Une des hypothèses émises par les observateurs est que l’OCS préfigure un nouvel ordre mondial dominé par Pékin. Le premier constat est que l’OCS, sur le modèle de la Chine, regroupe surtout des Etats autoritaires et centralisés peu intégrés dans des organisations internationales et régionales intergouvernementales. La feuille de route privilégiant la souveraineté et la non-ingérence dans les affaires internes des Etats membres est aussi l'une des valeurs chinoises partagées par les membres.

Le succès de cette initiative se jauge au fait que de plus en plus d’Etats souhaitent rejoindre, ou du moins être affilié dans un premier temps à, l’organisation. C’est notamment le cas de l’Iran, membre à part entière en 2023, mais aussi de la Turquie, l’Egypte, le Qatar et l’Arabie Saoudite, traditionnellement alliés ou partenaires des Etats-Unis,  mais désormais partenaires de dialogue de l’organisation.

Le groupe n’est cependant pas aussi uni qu’il apparait au premier abord. Il existe de nombreuses tensions entre les différents Etats membres, car tous n’ont pas rejoint l’organisation pour les mêmes raisons.
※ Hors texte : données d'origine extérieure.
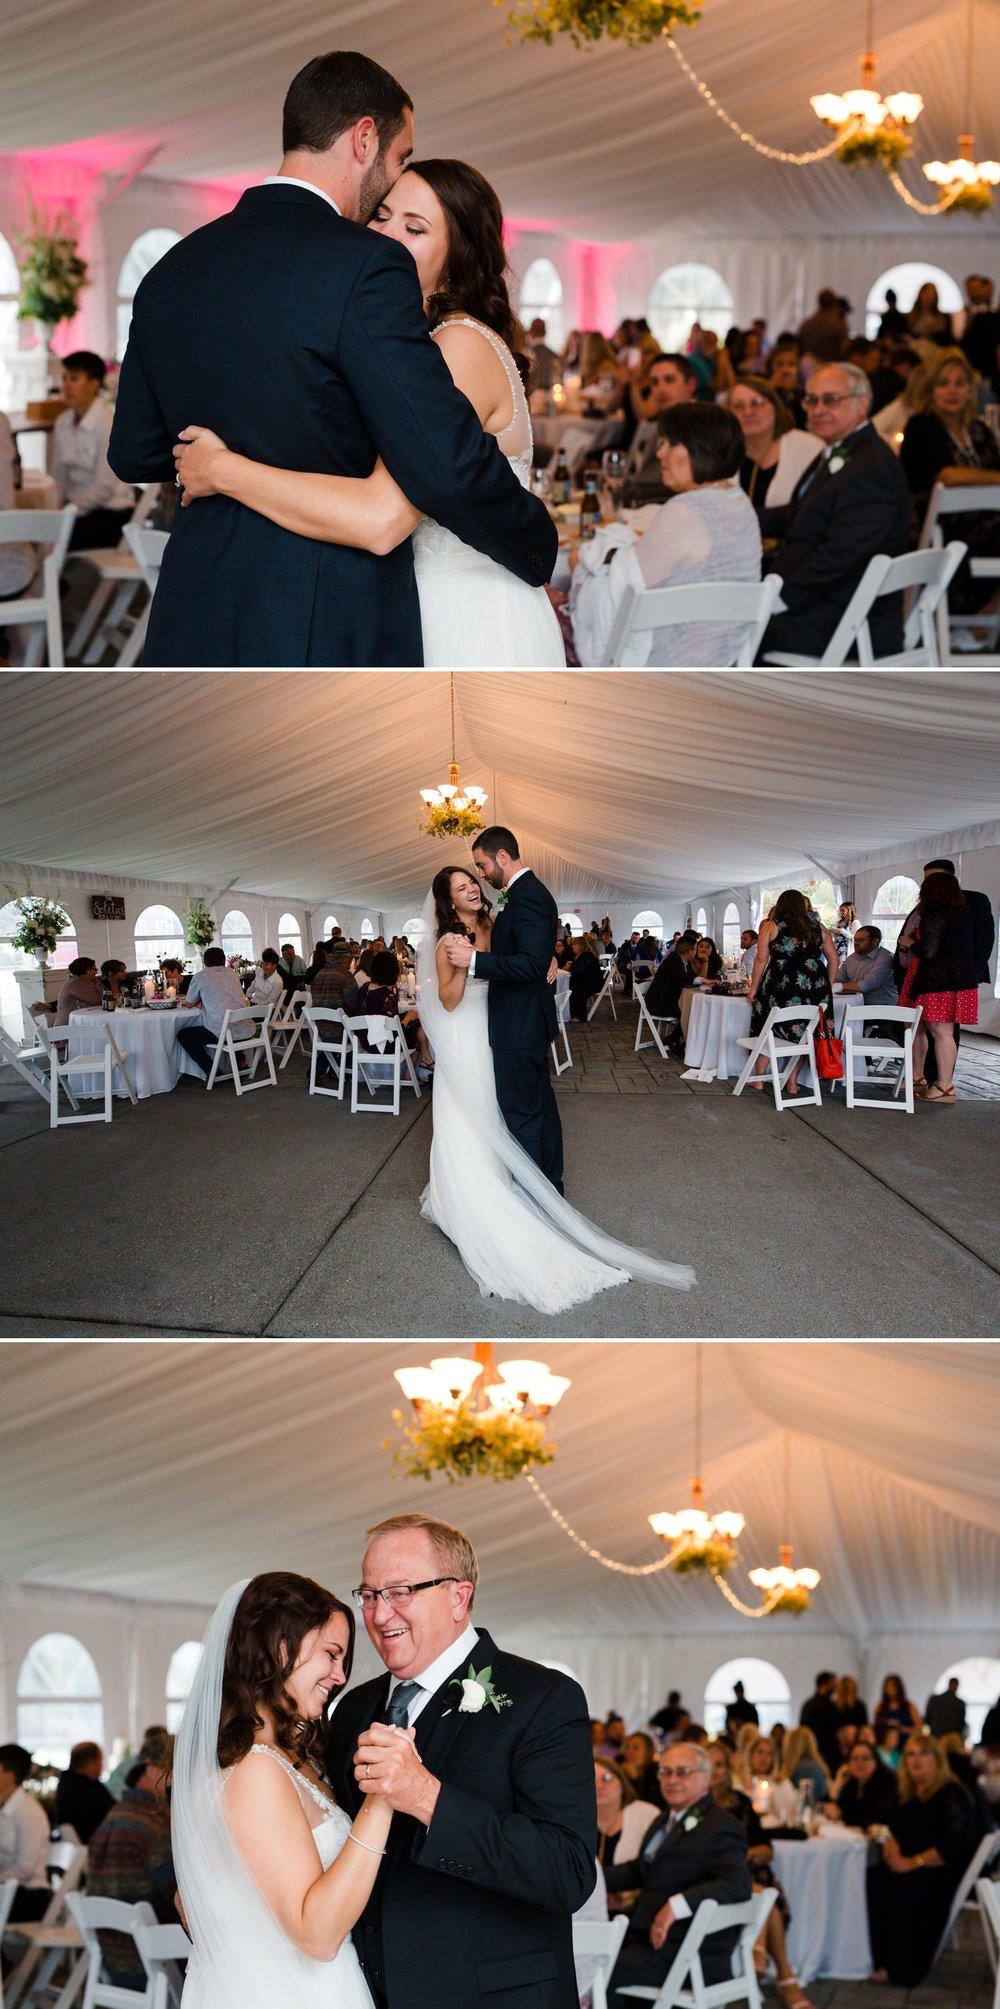 28-port-gamble-sweet-wedding-reception.jpg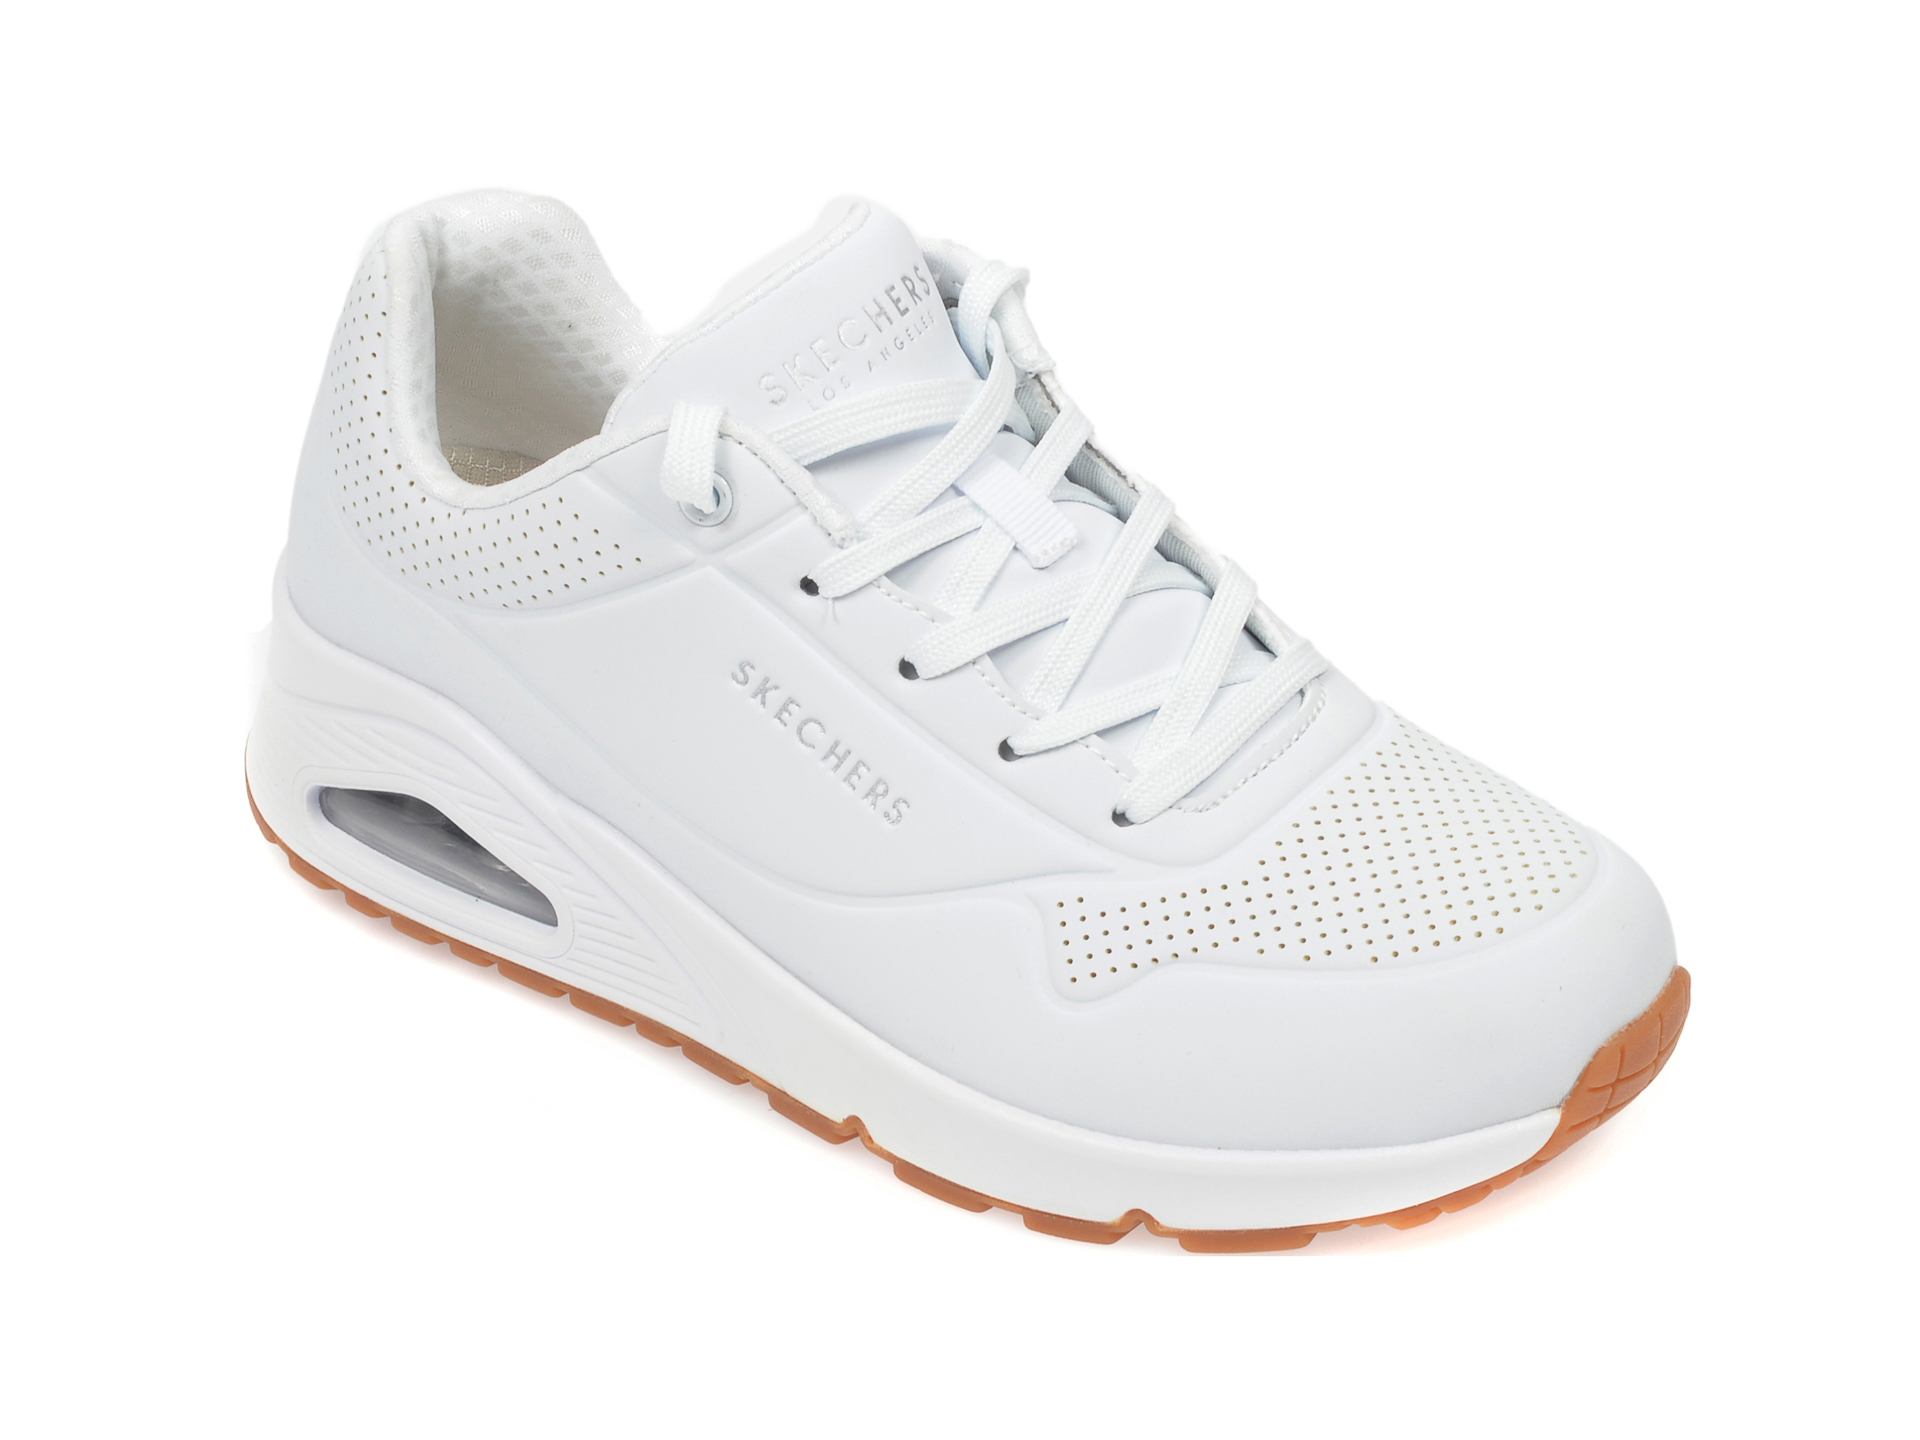 Pantofi sport SKECHERS albi, Uno Stand On Air, din piele ecologica New

L’Inde considère par exemple que ce groupe est un moyen de pénétrer plus efficacement la région Asie Centrale. Même si New Delhi et Moscou restent proches, la Chine et l’Inde font toujours l'objet d'un différent frontalier, qui s'est ravivé ces deux dernières années. Le Pakistan a aussi connu un regain de tensions avec l’Inde autour du Cachemire, ayant tourné à l’affrontement militaire. Le Kyrgyzstan et le Tadjikistan sont quant à eux actuellement en conflit larvé, sur le tracé des frontières, sans que le sujet n’ait été amené à la table des discussions lors du sommet de l’OCS.

Du point de vue de la Chine, l’OCS représente une formidable opportunité d’accroître son influence en Asie Centrale et de réduire sa dépendance vis à vis des routes commerciales maritimes en lançant des coopérations économiques. Les capitaux chinois ont permis la construction et la modernisation d’axes routiers et ferroviaires dans les pays d’Asie Centrale, Iran, Russie et Pakistan. Or, ces routes terrestres permettent à la Chine non seulement de sécuriser ses approvisionnements en hydrocarbures en provenance du Golfe, mais aussi de faciliter ses exportations vers l’Europe.

Ceci n’est pas forcément vu d’un bon œil par Moscou. En effet, la montée de l’influence chinoise en Asie centrale, chasse gardée de la Russie depuis la fin du 19ème siècle, risque de provoquer des tensions dans les relations sino-russes. La Chine souhaite favoriser une plus grande indépendance de ces Etats vis à vis de la Russie, comme c'est déjà le cas au Kazakstan. L'ours russe est pour l'heure englué dans le conflit avec l'Ukraine mais le réveil risque de créer des surprises.